Now let’s build one last model using only these predictors.
finalmodel <- lm(Crime ~ U1 + Prob + LF + Ed + Po1 + U2 + Po2 + So + M + Ineq, data=crime_data)
summary(finalmodel)
##
## Call:
## lm(formula = Crime ~ U1 + Prob + LF + Ed + Po1 + U2 + Po2 + So +
## M + Ineq, data = crime_data)
##
## Residuals:
## Min 1Q Median 3Q Max
## -446.88 -95.08 16.57 116.19 539.68
##
## Coefficients:
## Estimate Std. Error t value Pr(>|t|)
## (Intercept) -5099.78 989.89 -5.152 9.44e-06 ***
## U1 -2925.15 3332.91 -0.878 0.385951
## Prob -4000.57 1711.52 -2.337 0.025094 *
## LF 531.84 1163.49 0.457 0.650340
## Ed 210.85 57.43 3.671 0.000777 ***
## Po1 177.49 96.84 1.833 0.075112 .
## U2 150.25 77.07 1.949 0.059060 .
## Po2 -79.51 105.11 -0.756 0.454314
## So 78.48 129.24 0.607 0.547491
## M 100.88 35.40 2.849 0.007201 **
## Ineq 58.80 16.77 3.506 0.001239 **
## ---
## Signif. codes: 0 '***' 0.001 '**' 0.01 '*' 0.05 '.' 0.1 ' ' 1
##
## Residual standard error: 204.7 on 36 degrees of freedom
## Multiple R-squared: 0.7808, Adjusted R-squared: 0.7199
## F-statistic: 12.82 on 10 and 36 DF, p-value: 3.937e-09
Let’s now predict the crime rate of the test data using this final model.

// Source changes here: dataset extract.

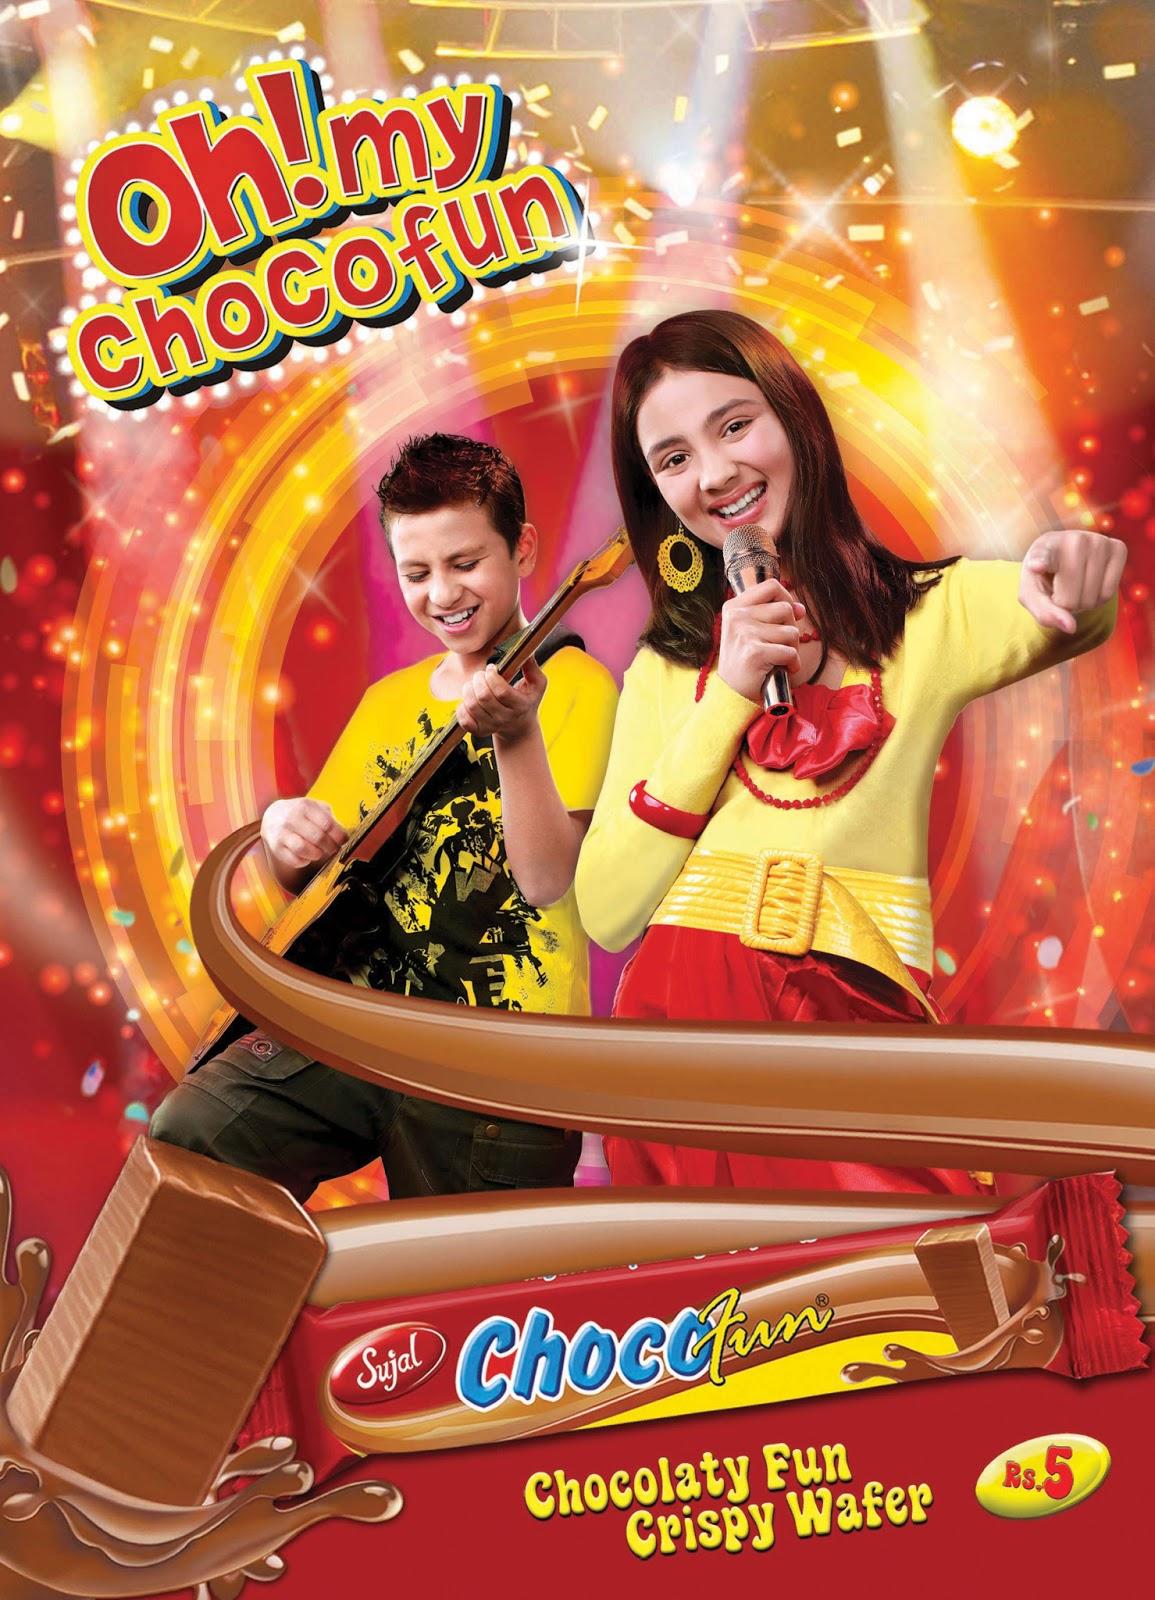 chocofun-ad nepal | ADVERTISEMENT

predicted_final_model <- predict(finalmodel, city_data)
predicted_final_model
## 1
## 870.6834
We observe that our finalmodel provides us with a similar crimerate to model_0.05, however we have a much lower residual standard error and higher Multiple R-squared and Adjuasted R-squared, implying that our finalmodel is the better performing model.
The choice in this example would come down to whether we should use newmodel or finalmodel. newmodel seems to perform better because it has a slightly higher Adjusted R-squared and lower RSE, however, the crime rate suggested is a lot higher compared to our model_0.05 and our finalmodel. In addition, our newmodel considers less predictors than our finalmodel, and since our Multiple R-squared is higher on our finalmodel, the newmodel may still be missing an important predictor that is included in our finalmodel. Therefore, I feel comfortable in saying our finalmodel is likely the stronger model, and is best served to use to predict the Crime rate for our test data.